=== INPUT ===
--- START ---

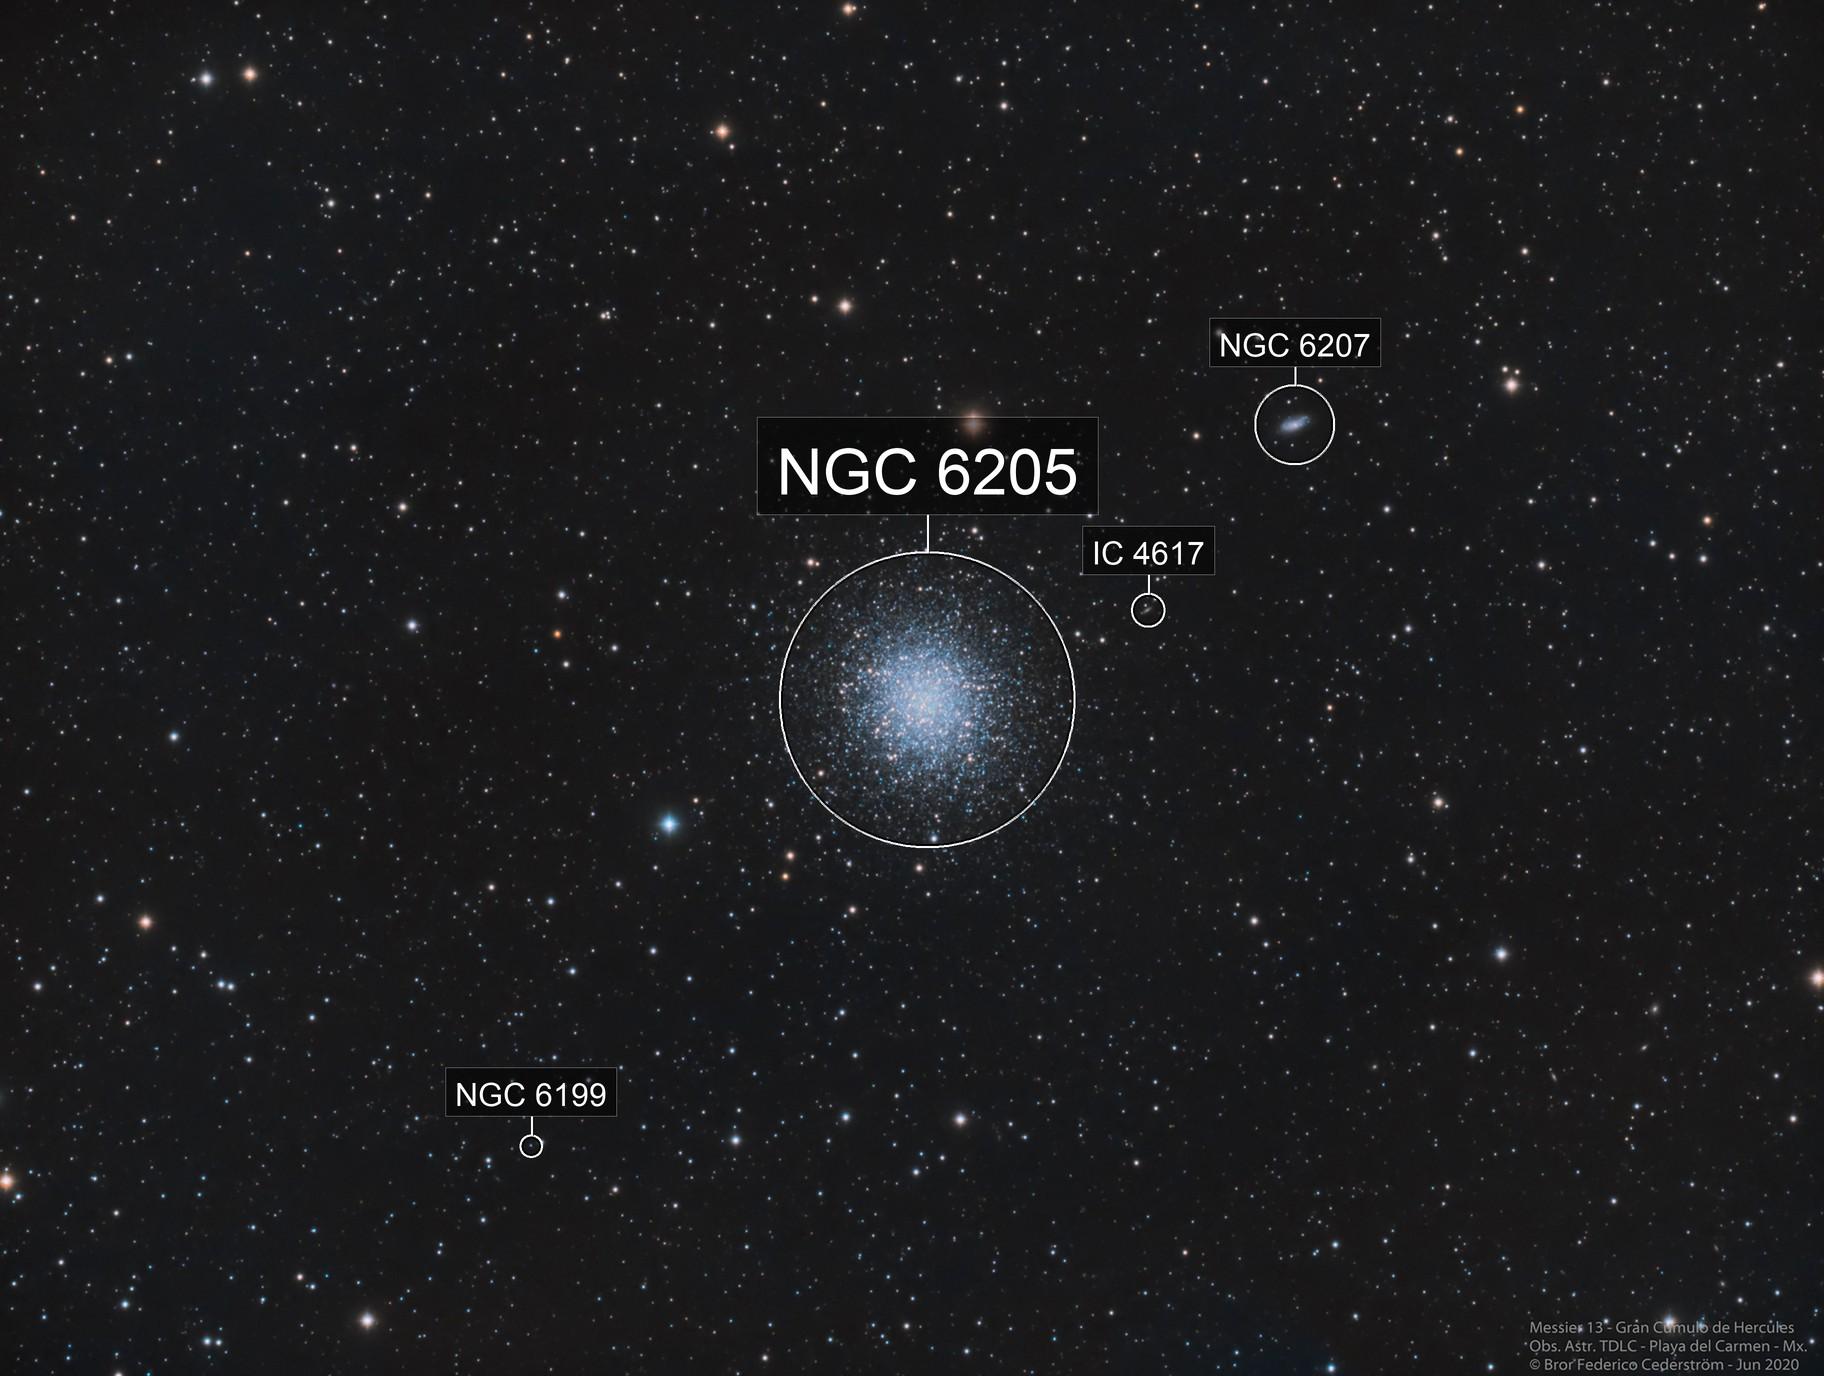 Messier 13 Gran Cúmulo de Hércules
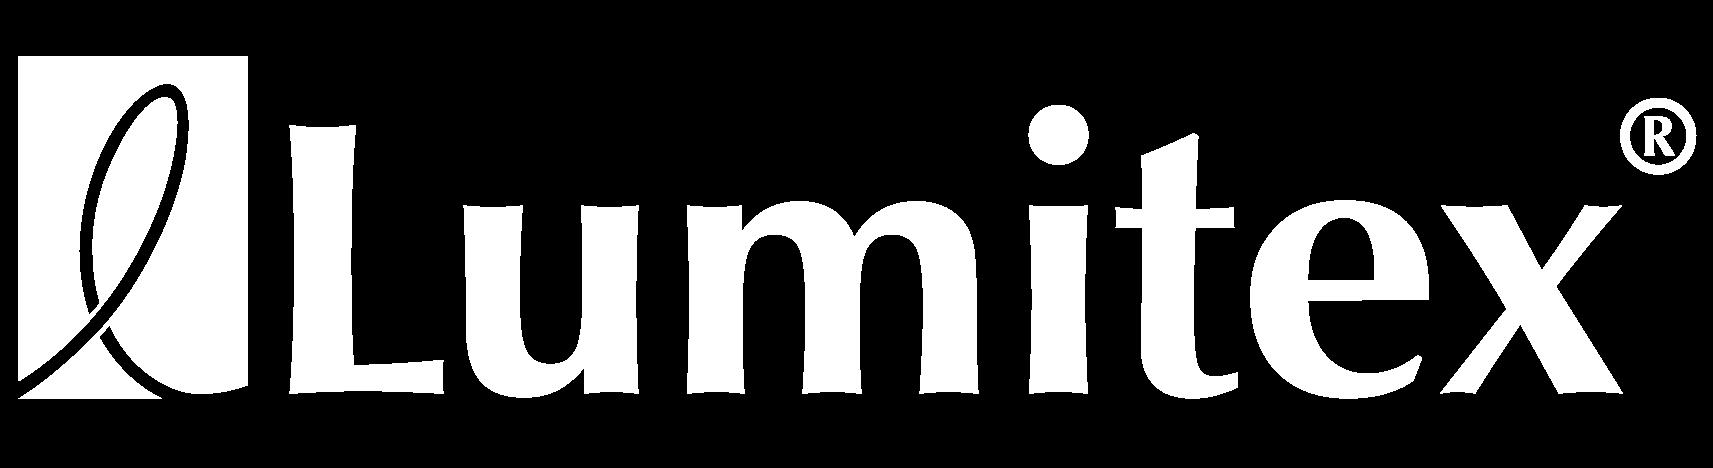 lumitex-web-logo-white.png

--- END ---
--- START ---

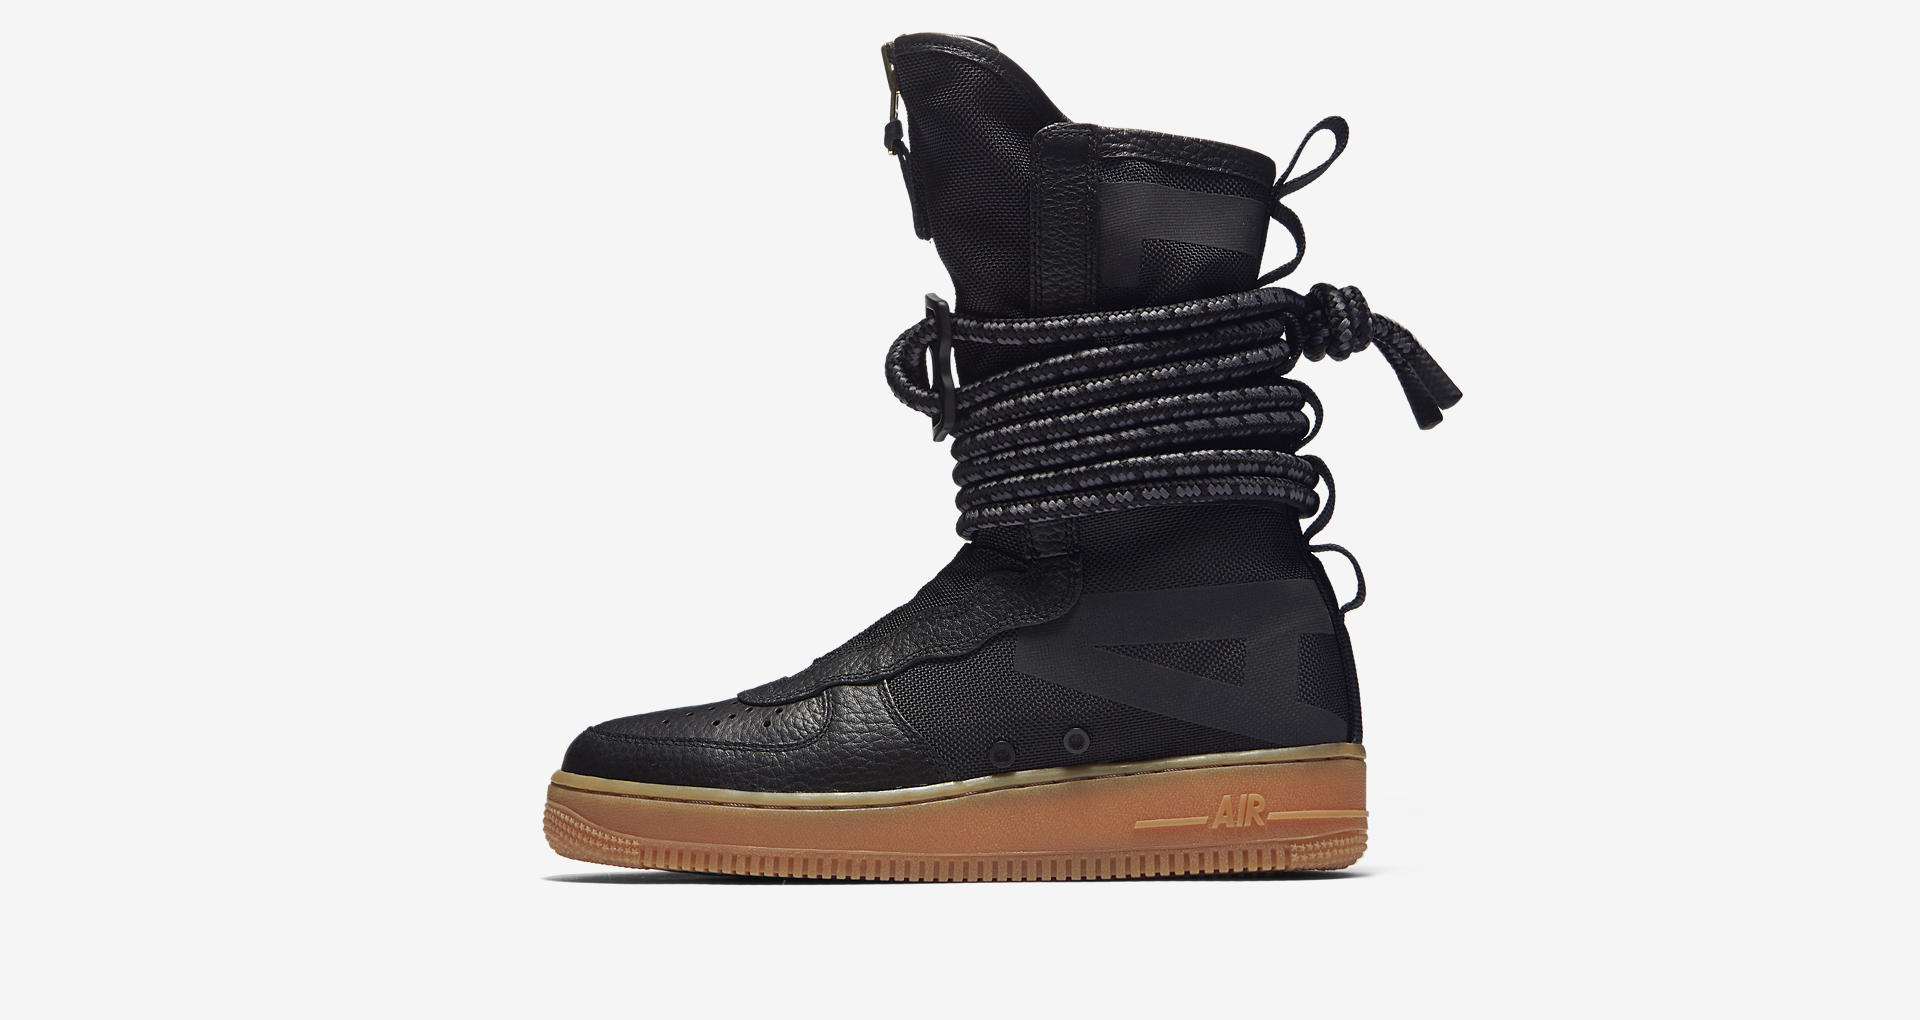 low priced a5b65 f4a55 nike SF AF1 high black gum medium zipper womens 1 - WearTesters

--- END ---

=== BRIEF ===
Copy word for word the lines of the records above from the one with "Messier 13 Gran Cúmulo de Hércules" up to and including the one with "lumitex-web-logo-white.png". Skip the pictures.

=== ANSWER TO THIS EXERCISE ===
 Messier 13 Gran Cúmulo de Hércules
 lumitex-web-logo-white.png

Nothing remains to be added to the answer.